▶ **AIM OF THE EXERCISE**
Write out the lines of the material below exactly, beginning at the line with "Pakistán cambios de" and stopping after the line with "Queso de oveja", and leave out the pictures.

▶ **DATA FOR PROCESSING**

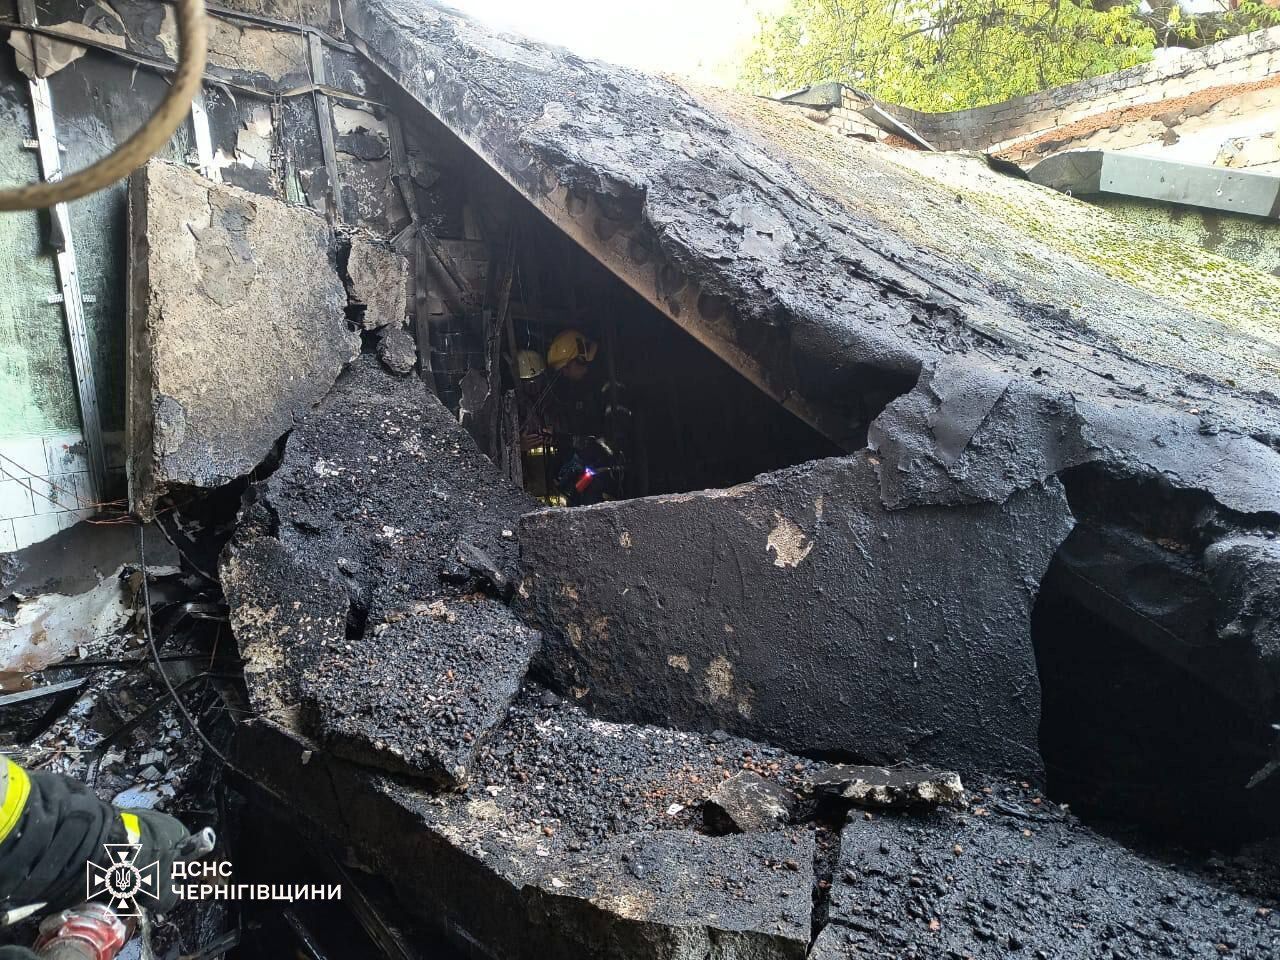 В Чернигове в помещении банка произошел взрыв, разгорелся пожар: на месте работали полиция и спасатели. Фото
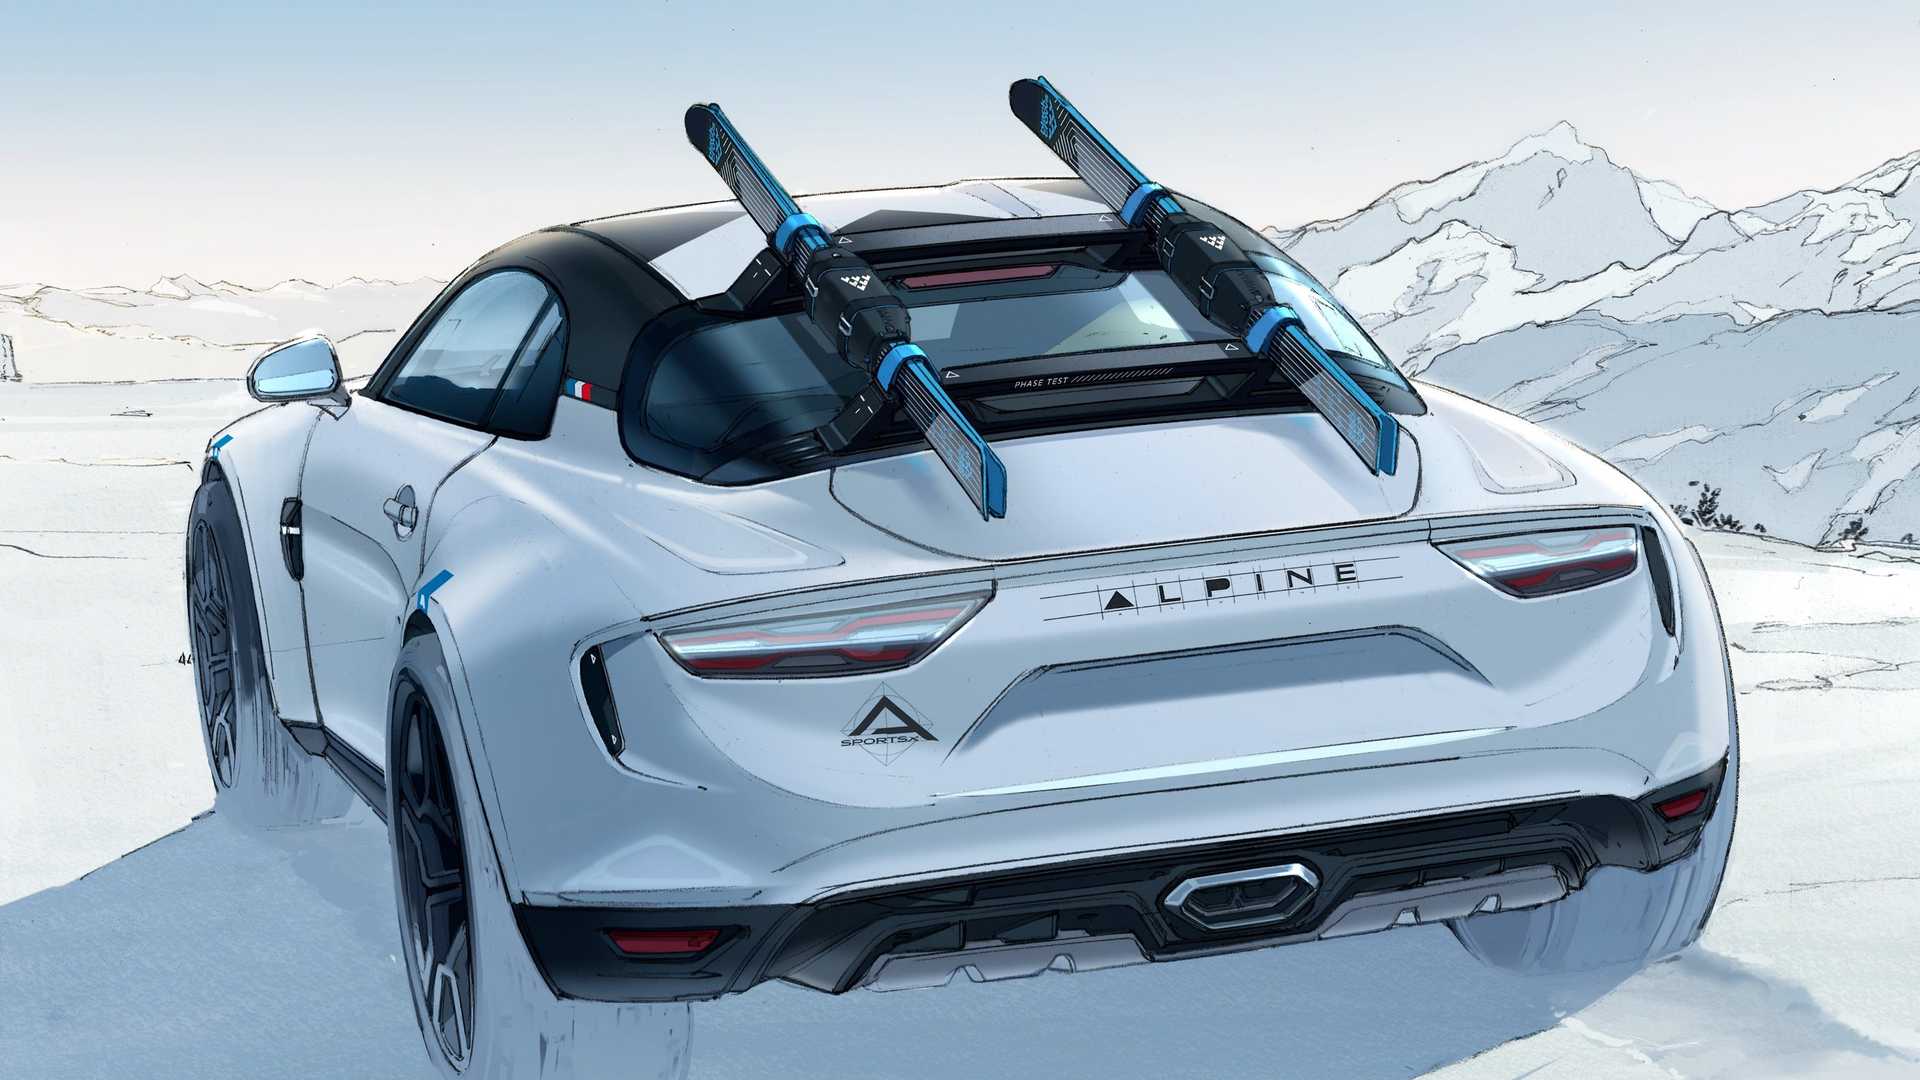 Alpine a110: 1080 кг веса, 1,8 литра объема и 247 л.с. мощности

==

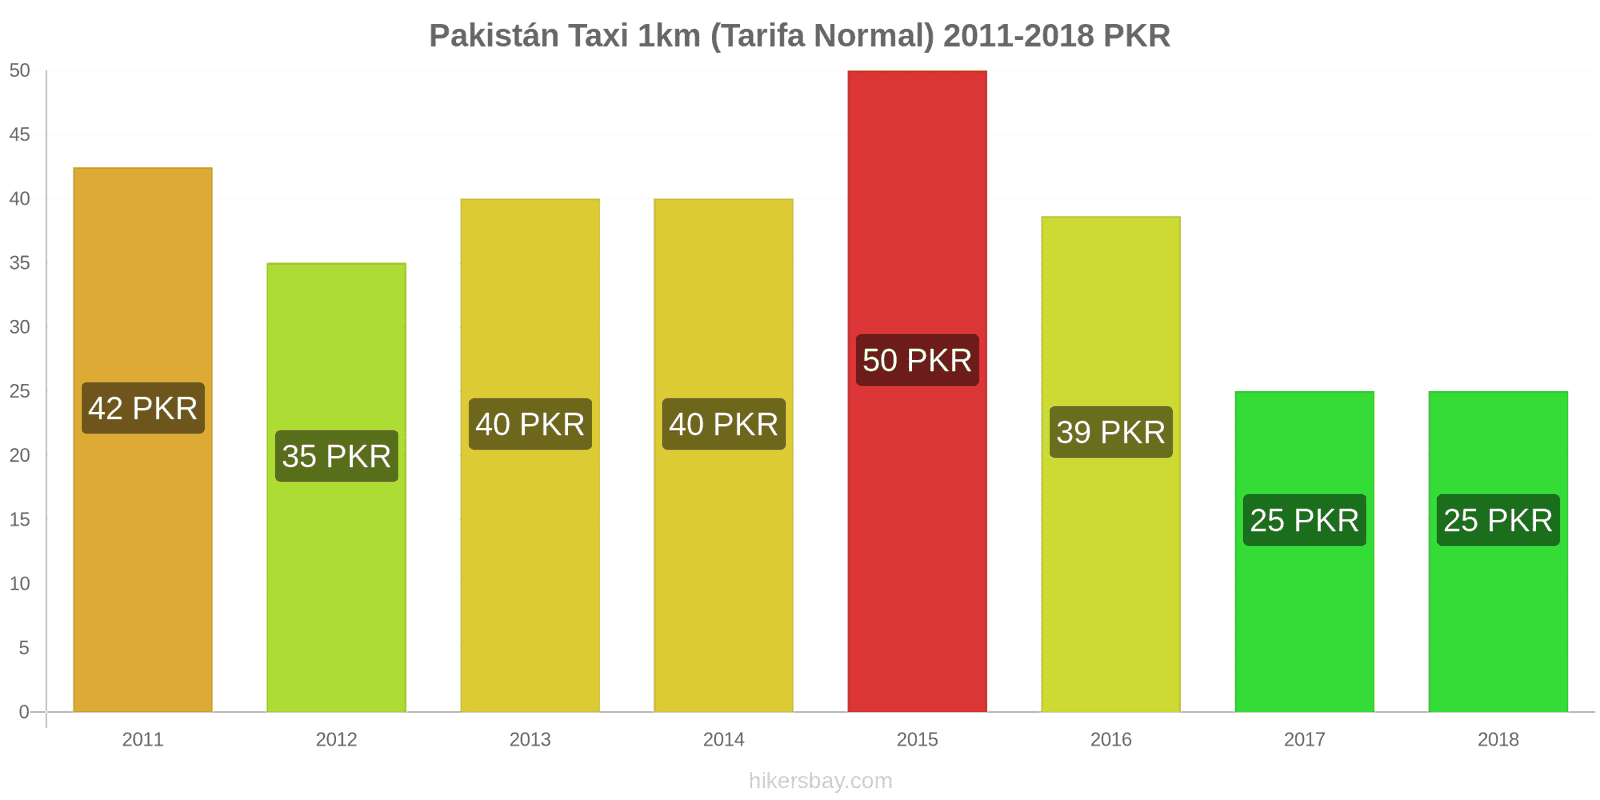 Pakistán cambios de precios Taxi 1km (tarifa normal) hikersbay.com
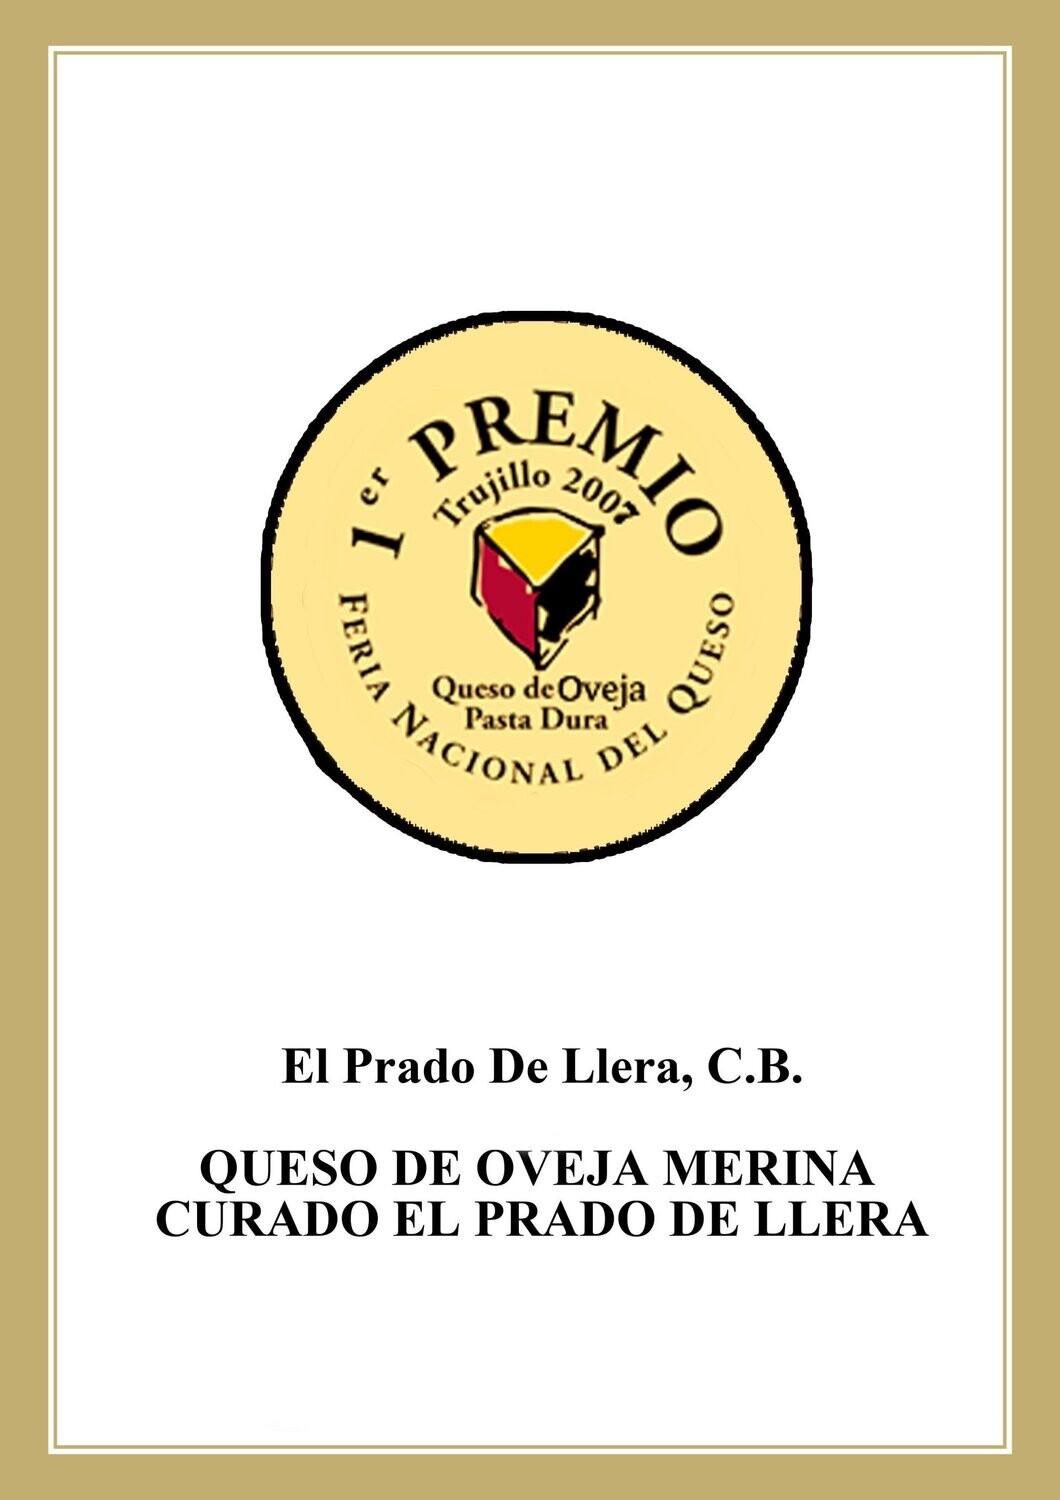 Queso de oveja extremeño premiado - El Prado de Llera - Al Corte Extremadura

▶ **ANSWER TO THIS EXERCISE**
 Pakistán cambios de precios Taxi 1km (tarifa normal) hikersbay.com
 Queso de oveja extremeño premiado - El Prado de Llera - Al Corte Extremadura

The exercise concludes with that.